→ **ASSIGNMENT**
Please output only the lines running from the one that contains "nahaufnahme von einer" through the last line of the data below, exactly as they stand, with no pictures.

→ **DATA PROVIDED**
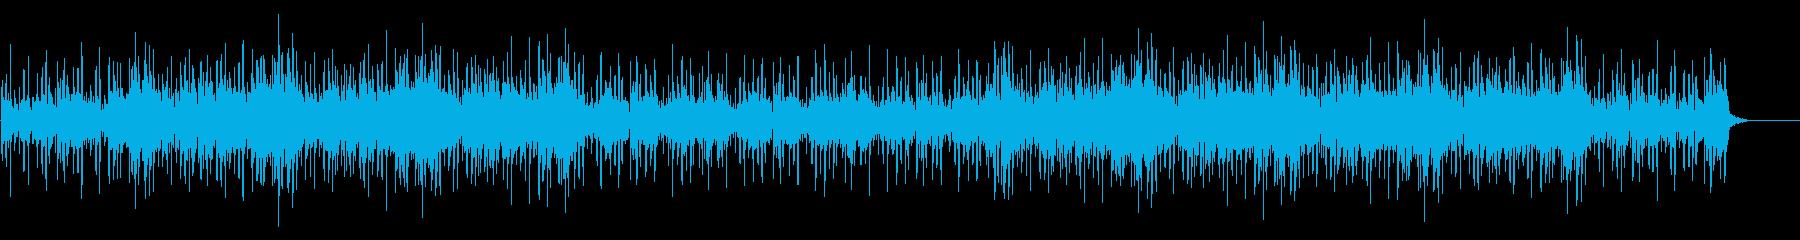 神秘的で不思議なエレクトロBGMの再生済みの波形
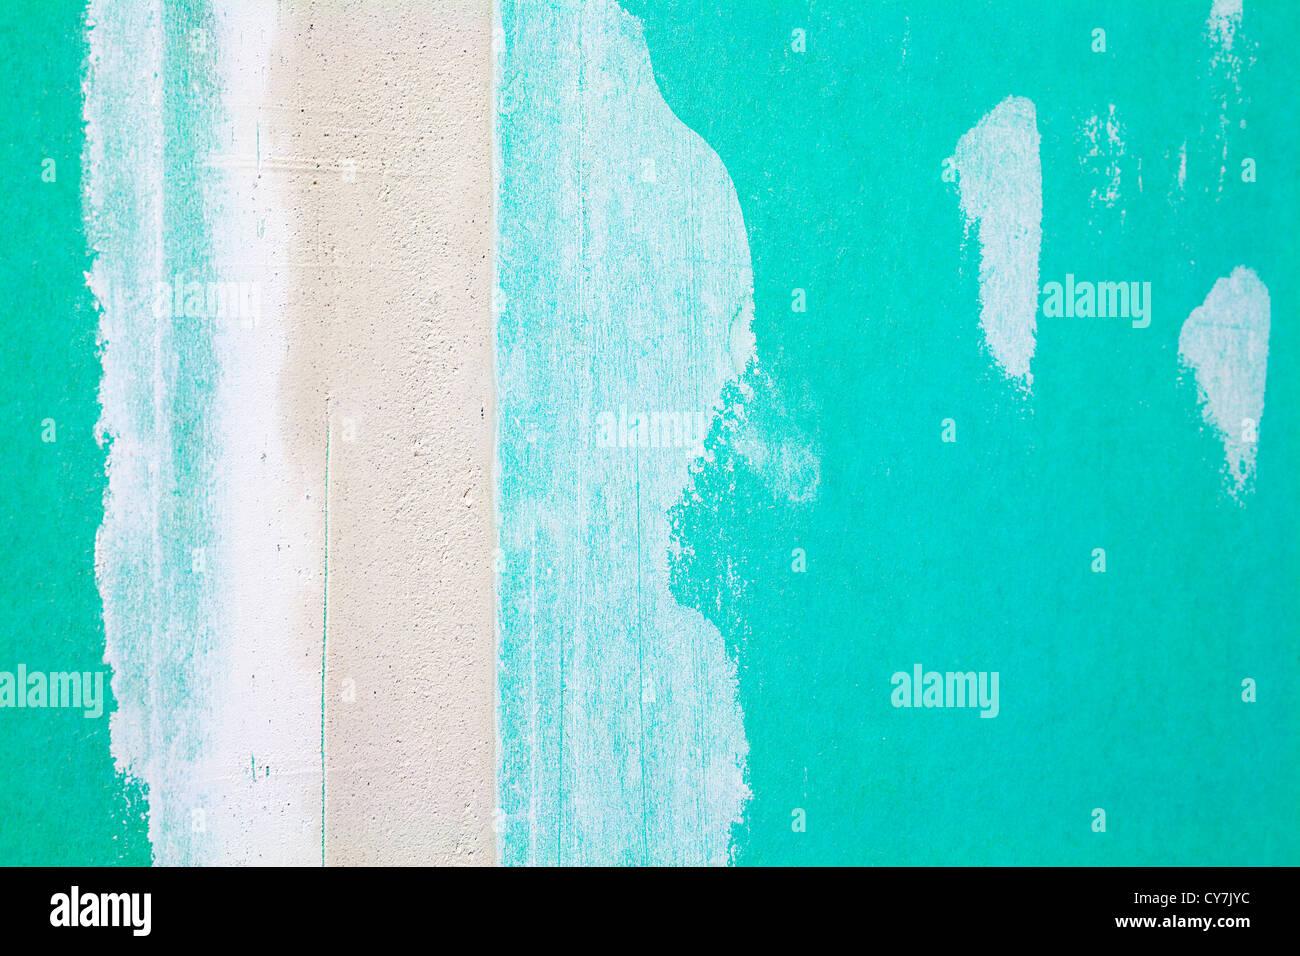 nahaufnahme von einer grünen gips rigipswand als architektur
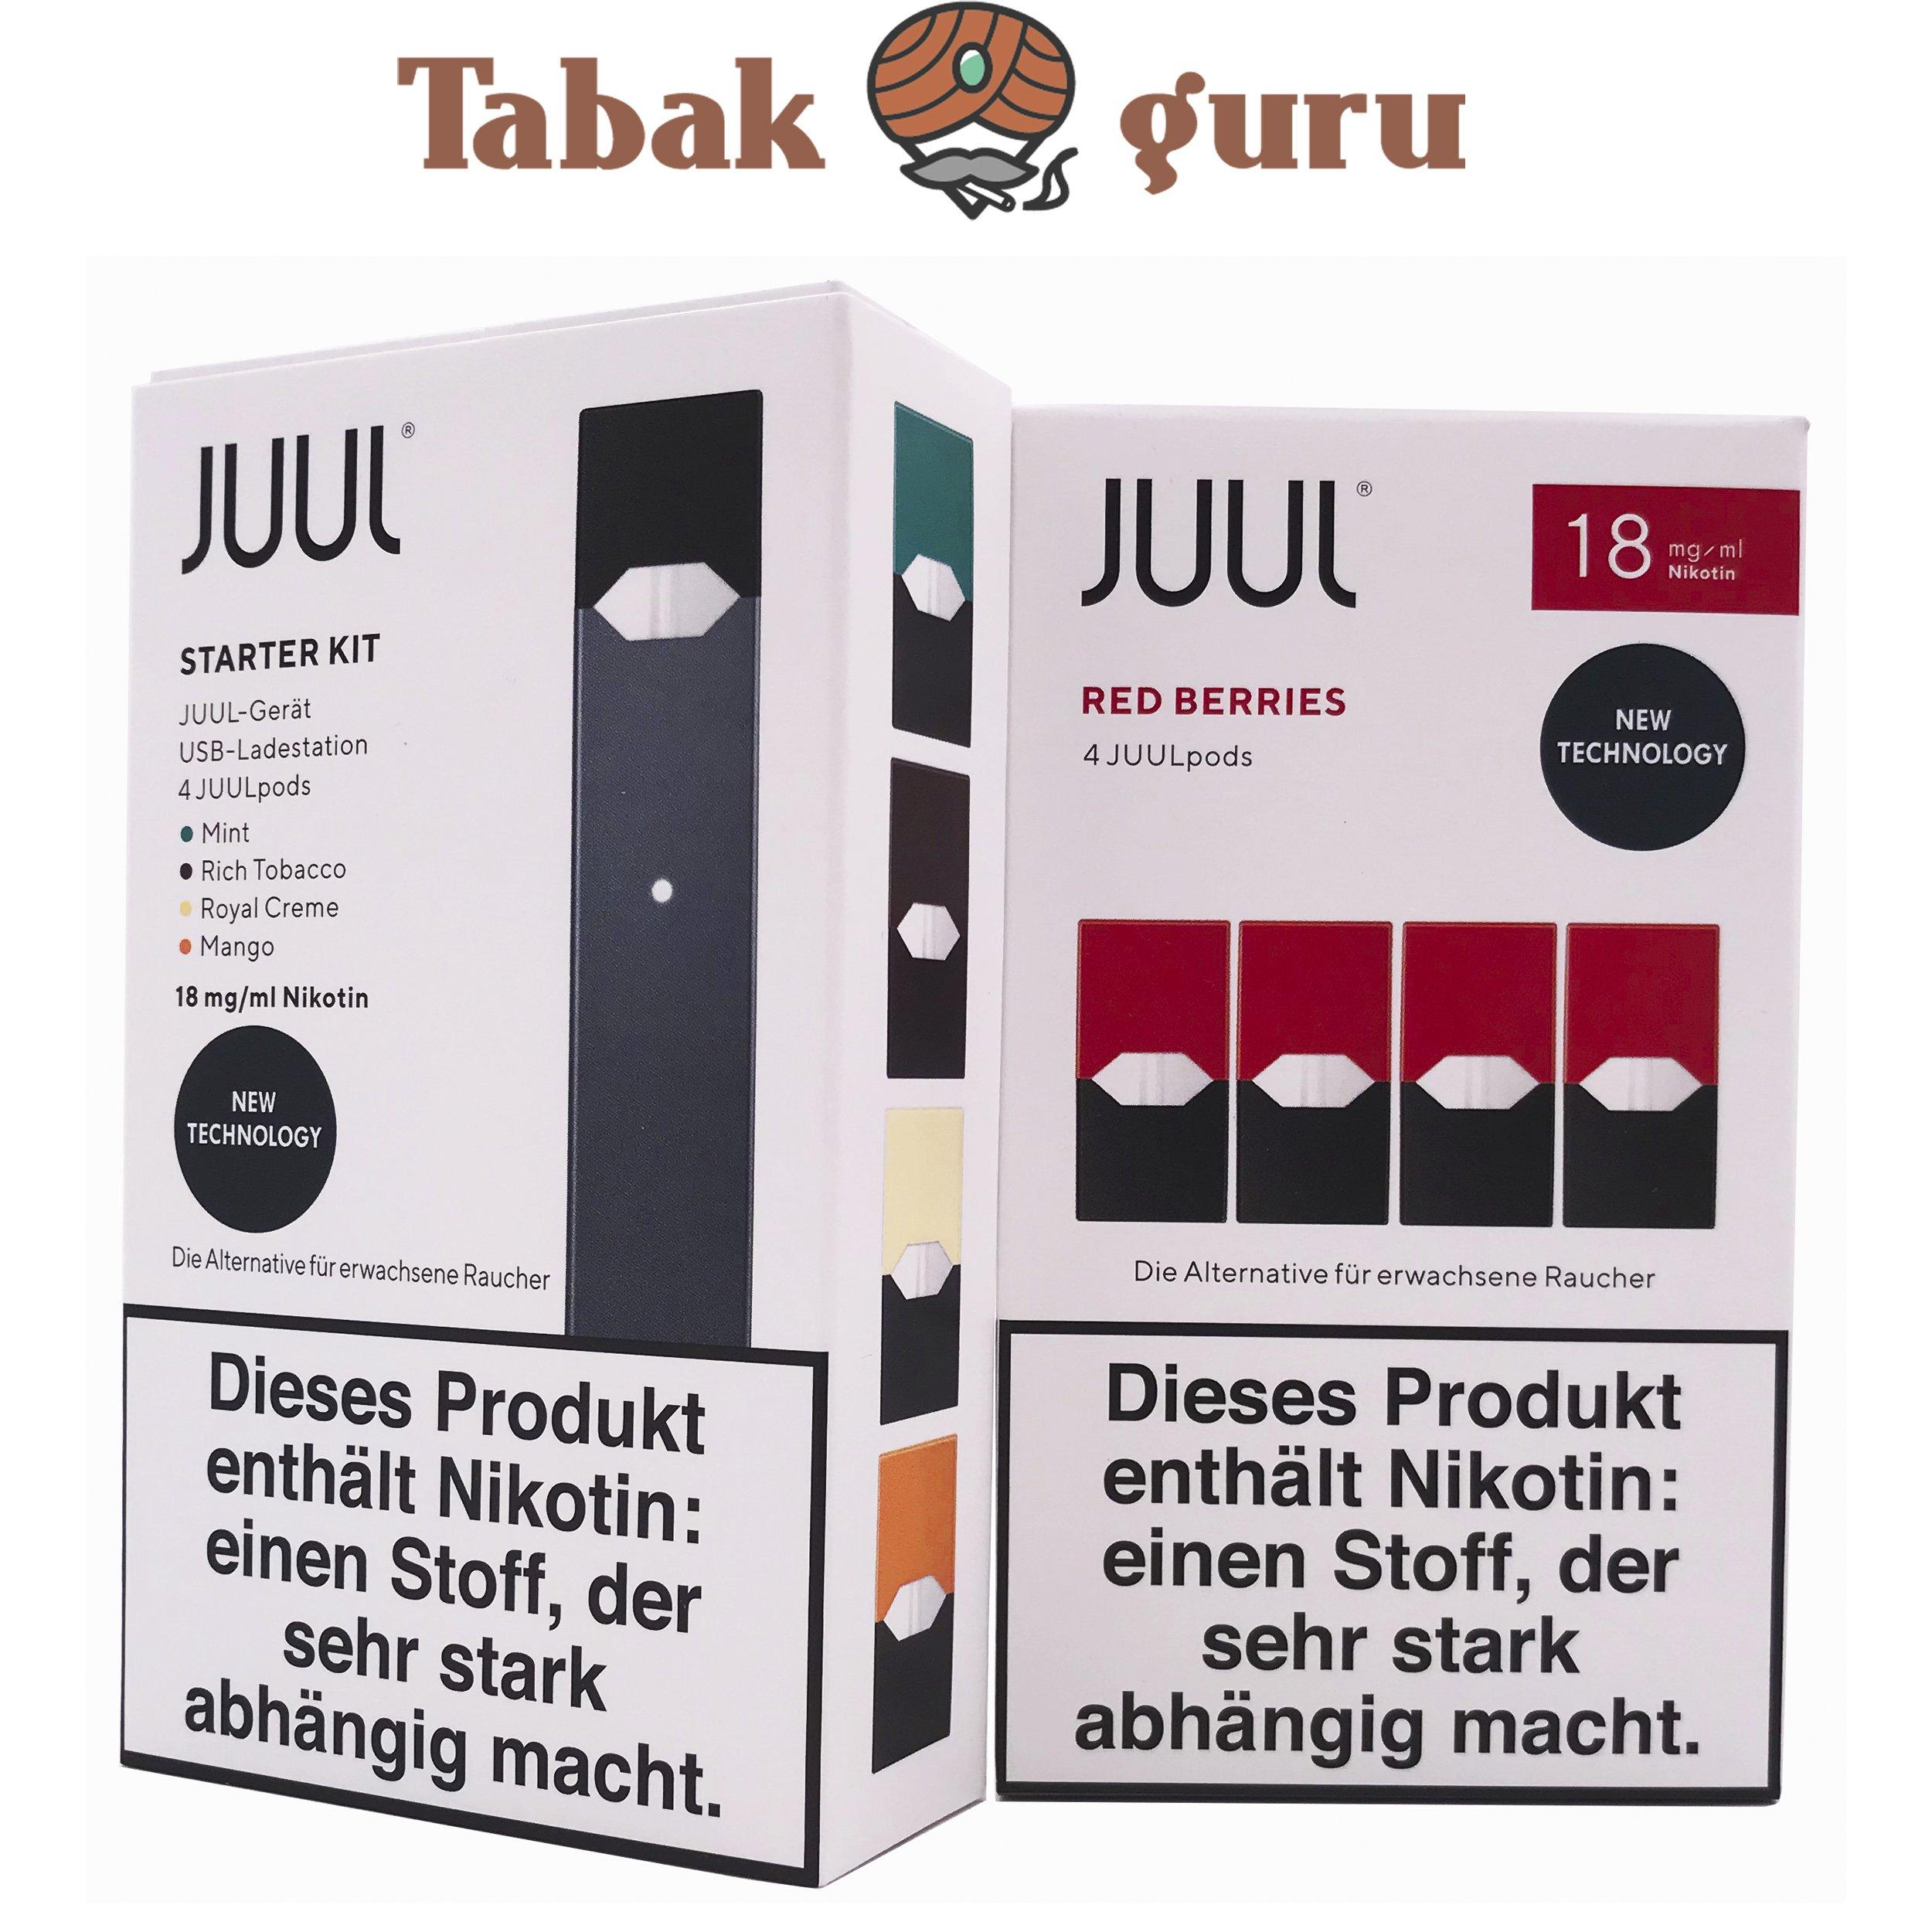 JUUL Starter-Kit mit 4 JUULpods Inkl. 4 JUULpods Red Berries 18mg
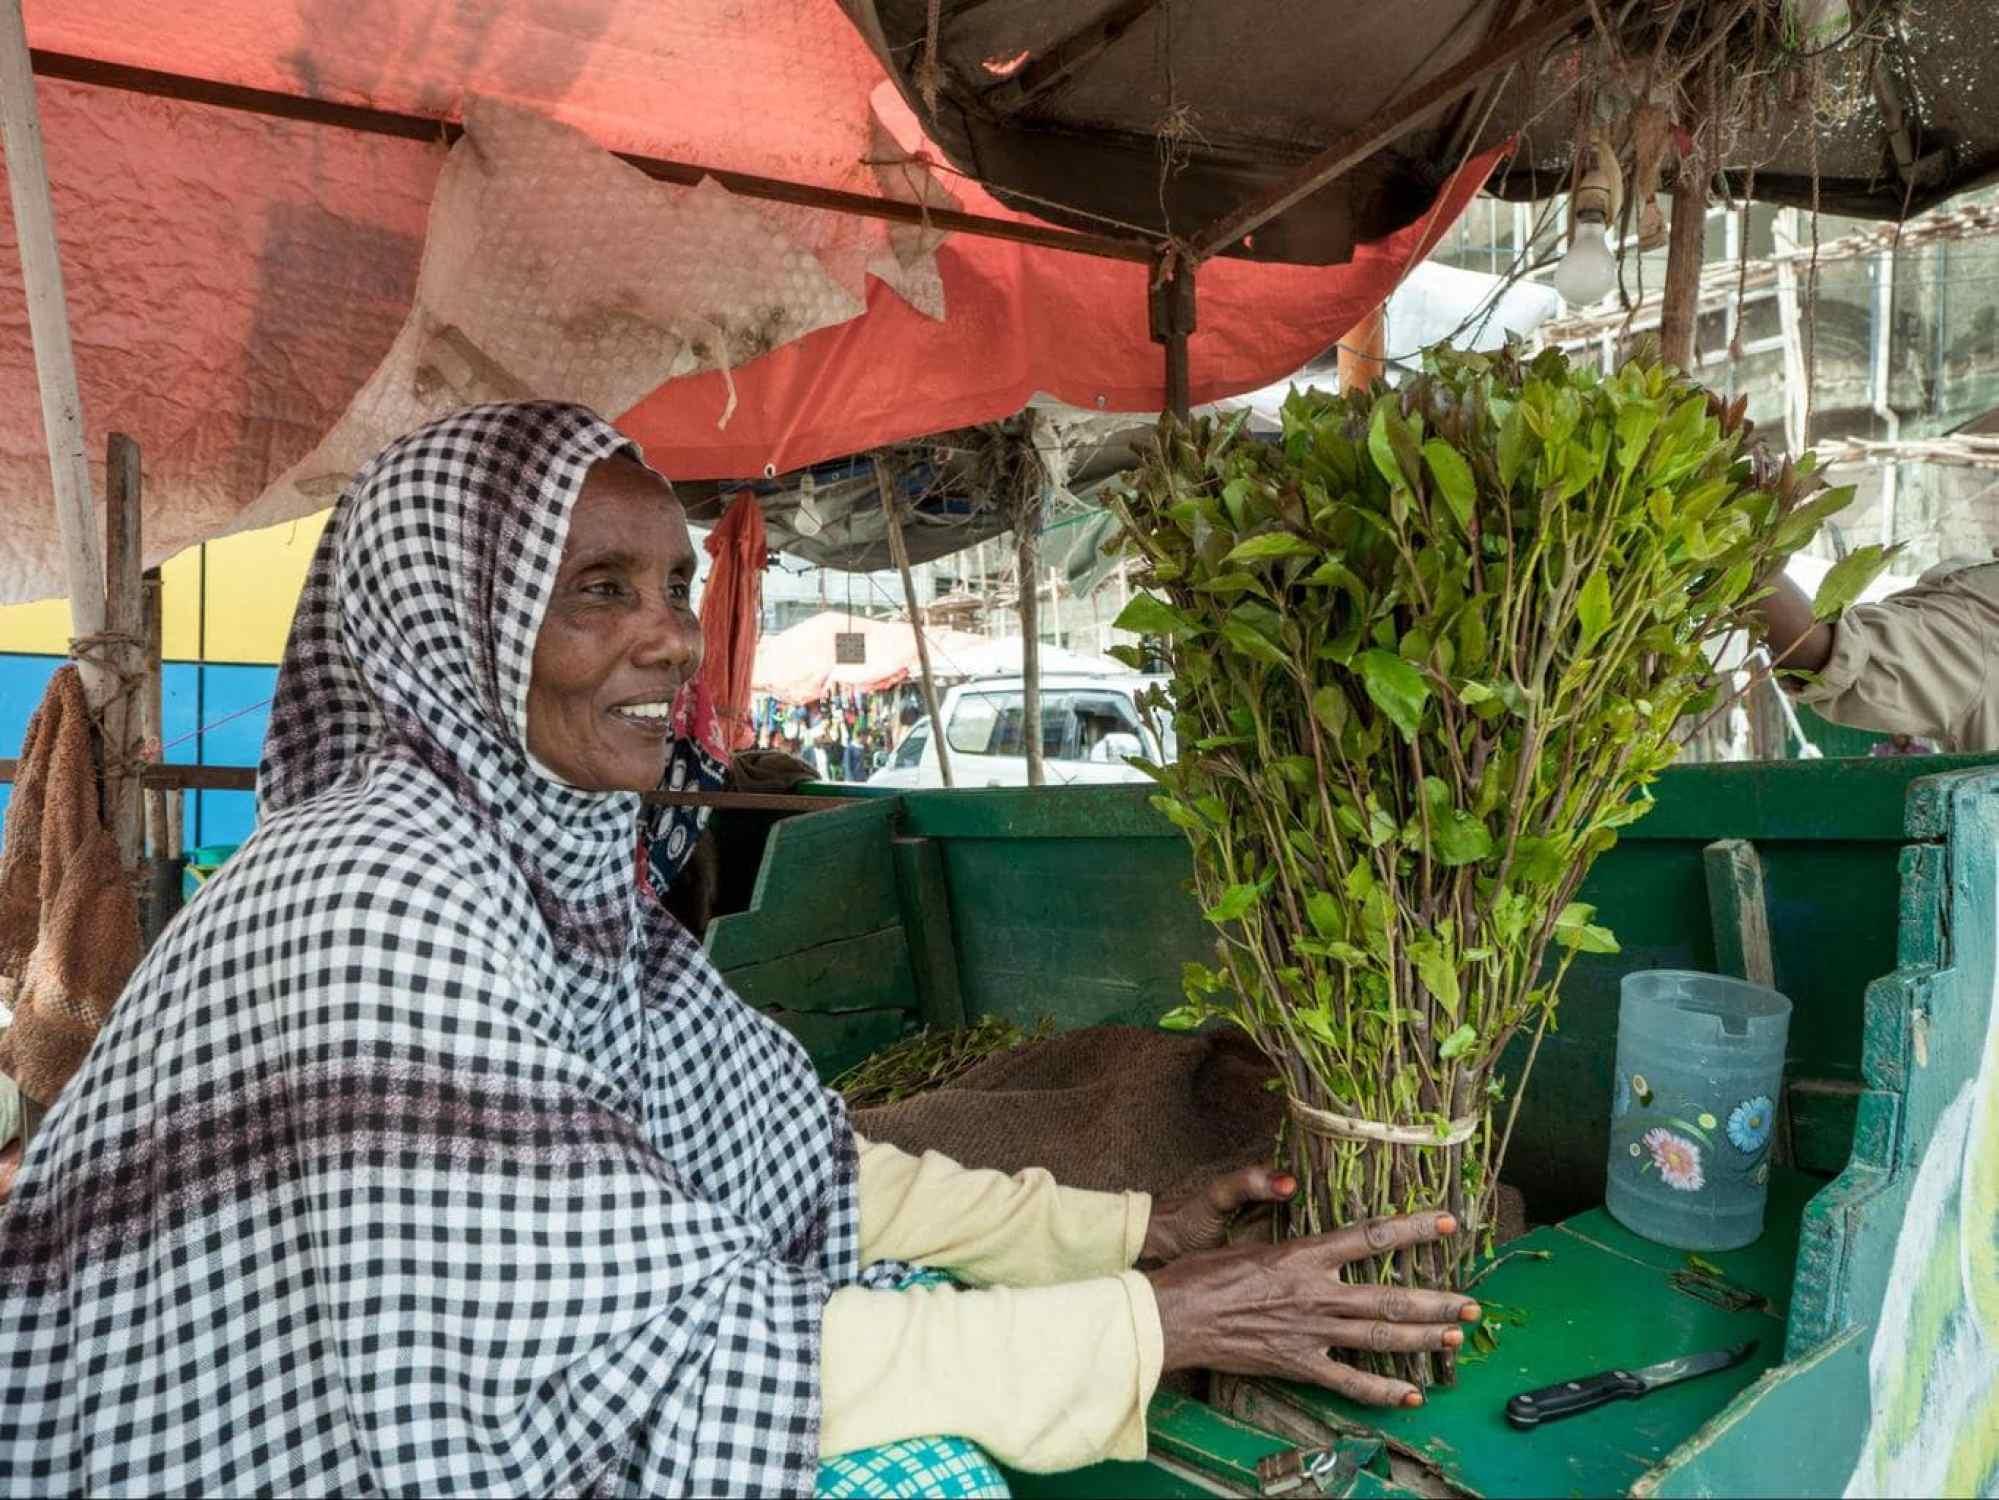 Khat seller in Hargeisa

→ **TASK ANSWER**
 nahaufnahme von einer grünen gips rigipswand als architektur
 JUUL Starter-Kit mit 4 JUULpods Inkl. 4 JUULpods Red Berries 18mg
 Khat seller in Hargeisa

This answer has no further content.